As we wind up the project, I would like to acknowledge the huge amount of work that Dan Needham at Mimas has put into developing this code and into sharing it so that others can benefit from his expertise in this area. Also, many thanks to our colleagues in the British Library: Alan Danskin, Stephen Andrews, Michael Docherty, Alison Wood, Richard Moore, Susan Skaife, Jasper Jackson and Andrew MacEwan whose time and efforts contributed to the success of Names, particularly in the development of a data model and in the quality assurance of data. They also helped to ensure that the results of the project live on in the form of ISNI identifiers for many UK researchers.
Last month the work of the NISO I2 (Institutional Identifier) group culminated in the publication of a NISO Recommended Practice document entitled Institutional Identification: Identifying Organizations in the Information Supply Chain [PDF]. The I2 group was established in 2008 with the task of looking at the issue of uniquely identifying institutions and other organizations.
From the report:
As the digital information landscape grows increasingly crowded and customized, and as institutions achieve economies of scale through increased collaboration, the need to unambiguously identify organizations engaged in any aspect of information acquisition, supply, archiving, and discovery becomes a critical enabler for efficient and trustworthy information practices.
The use of the International Standard Name Indentifier (ISNI) (ISO 27729) for institutional identification is recommended to achieve both of these goals.

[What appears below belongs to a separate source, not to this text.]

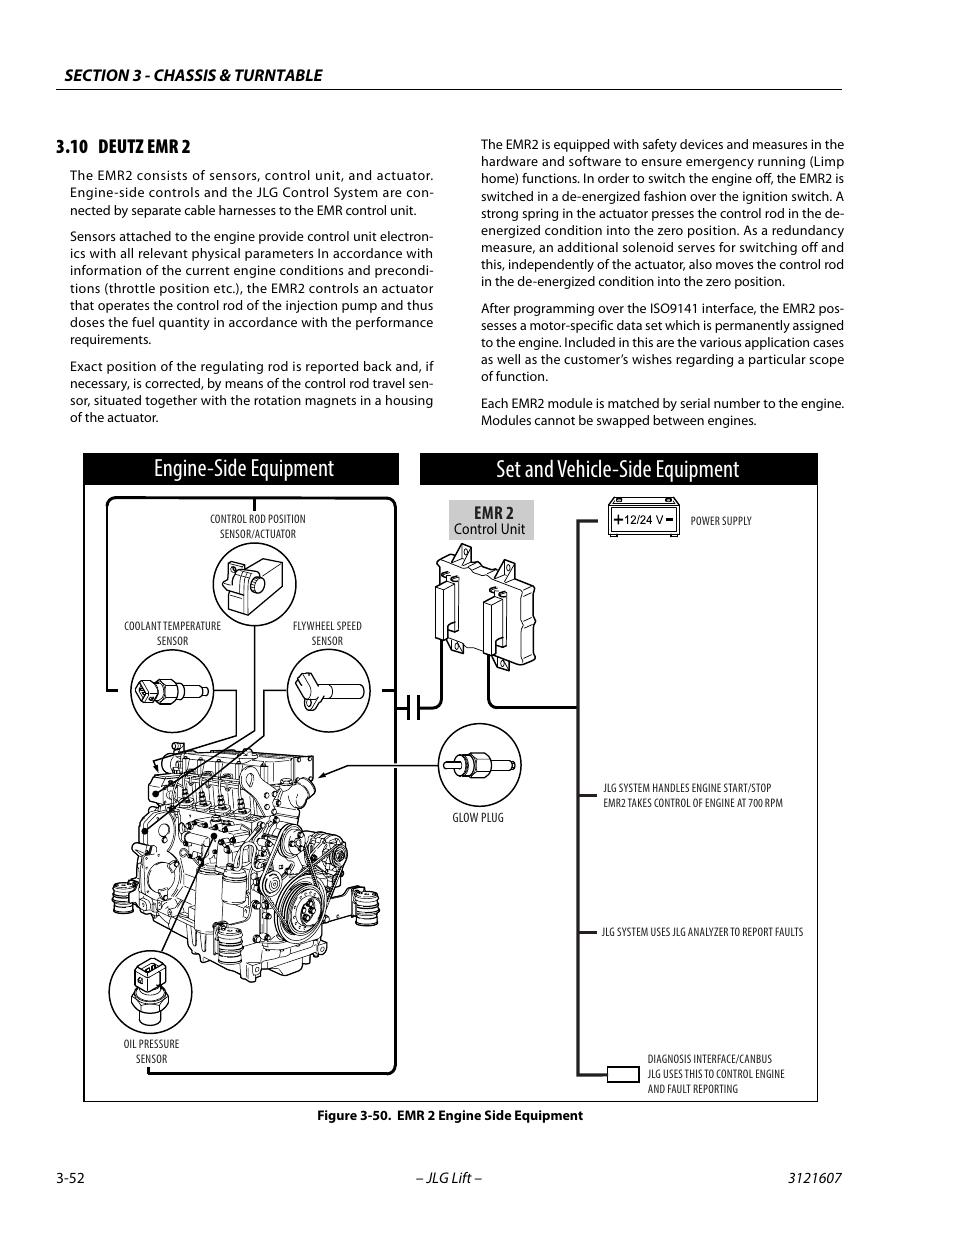 10 deutz emr 2 deutz emr 2 52 emr 2 engine side equipment 52 rh manualsdir com Deutz Tractor Manuals Deutz Engine Parts Manual

Of the 157 UK research institutions currently identified within Names, 93 also already have ISNIs (in other words they were already identified as creators or publishers in library systems which have contributed data to ISNI). We have now added those ISNIs to the Names records of those institutions and will be requesting identifiers for the remaining 64 institutions in the coming weeks.
Our aim by the end of the current phase of the project (July 2013) is to have ISNIs assigned to all of the individuals and organisations identified within Names. ISNI disambiguates and assigns unique identifiers to institutions and individuals internationally. Where ORCID provides a service for individuals to identify themselves, ISNI relies on data from third parties and combines it to create merged records. This means that, in contrast to ORCID, it can include records for organisations and for individuals who may be unable (or unwilling) to manage an online profile.
The latest issue of Information Standards Quarterly (ISQ) is devoted to the topic of identifiers for people and organisations. There are featured articles on ISNI and ORCID, an update from the NISO I2 group and one from the Names Project.